Пока один из стражников внимательно изучал поданные бумаги, второй бдительно рассматривал нас. Я стояла под пристальным взглядом, скромно опустив голову, потупив глаза долу и безучастно рассматривала утоптанную почву под ногами. Инк же, напротив, суетился, тыкал пальцем в документы, что-то объясняя и комментируя.

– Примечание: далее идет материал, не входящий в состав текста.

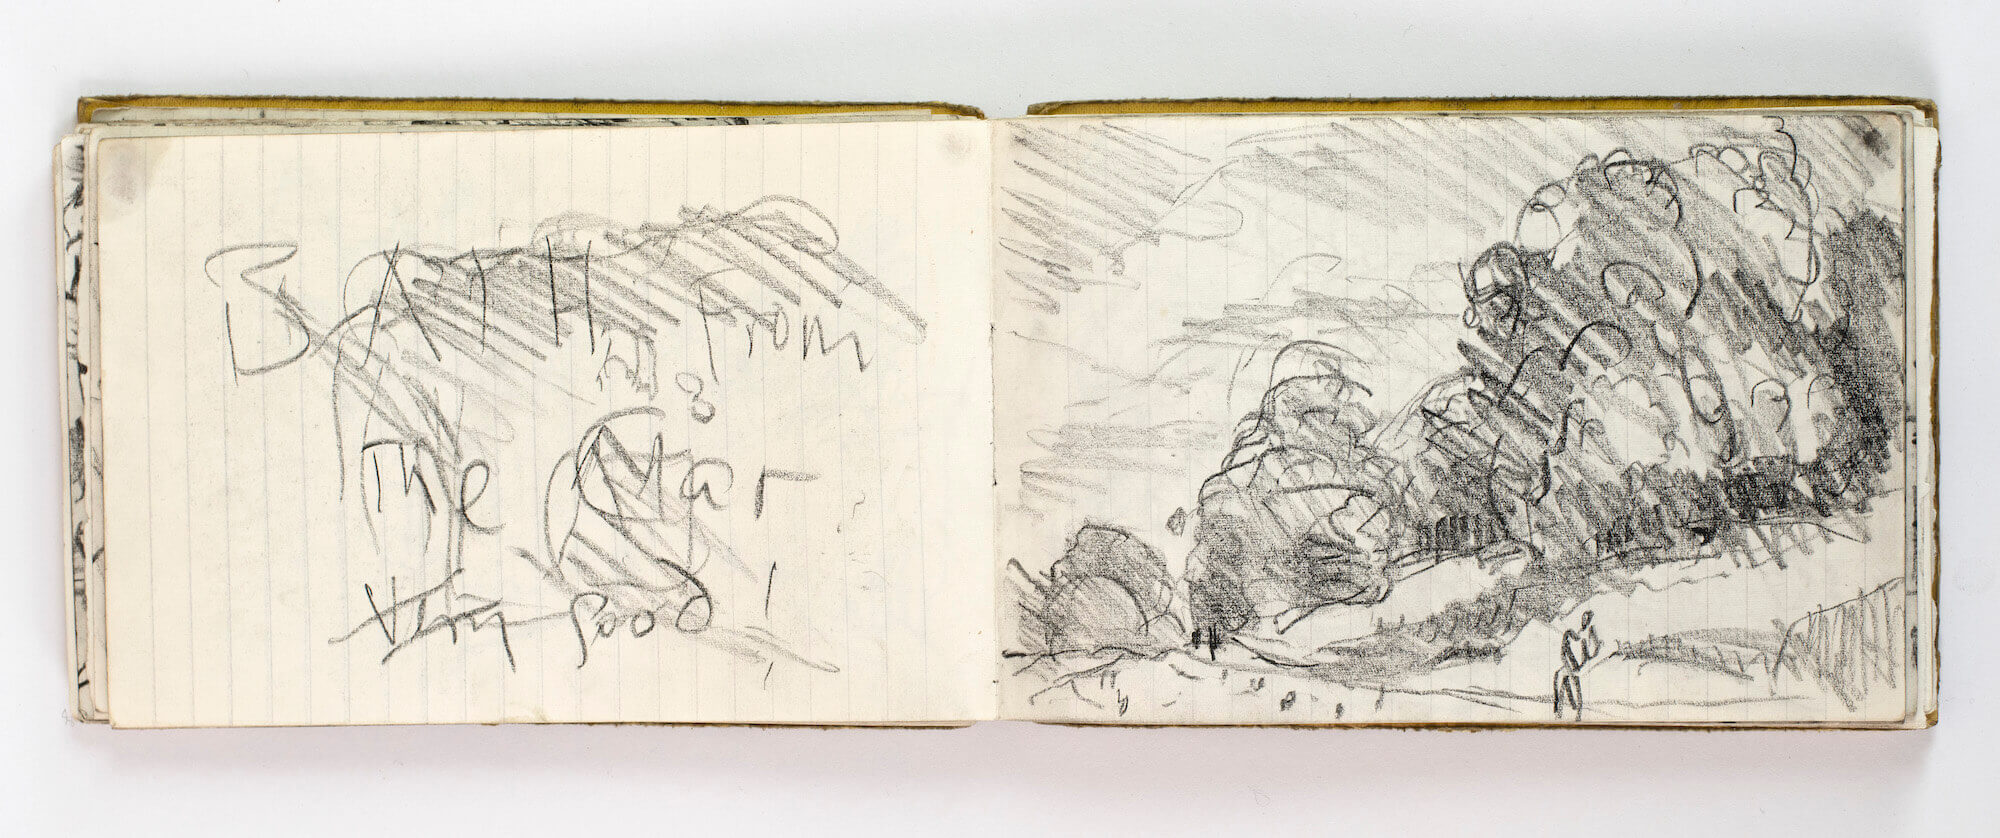 Sargy Mann, 1976 sketchbook drawing, (Sargy Mann estate)

«Однако! — размышляла я. — Как же будут проверять на входе в столицу, если в затрапезной деревеньке такой контроль!»
Задумавшись, я пропустила обращённый ко мне вопрос охранника. Подняла глаза только на пронзительное восклицание Инка.
— Говорю же вам, что сестра ещё не полностью восстановилась. Спрашивайте меня — я отвечу.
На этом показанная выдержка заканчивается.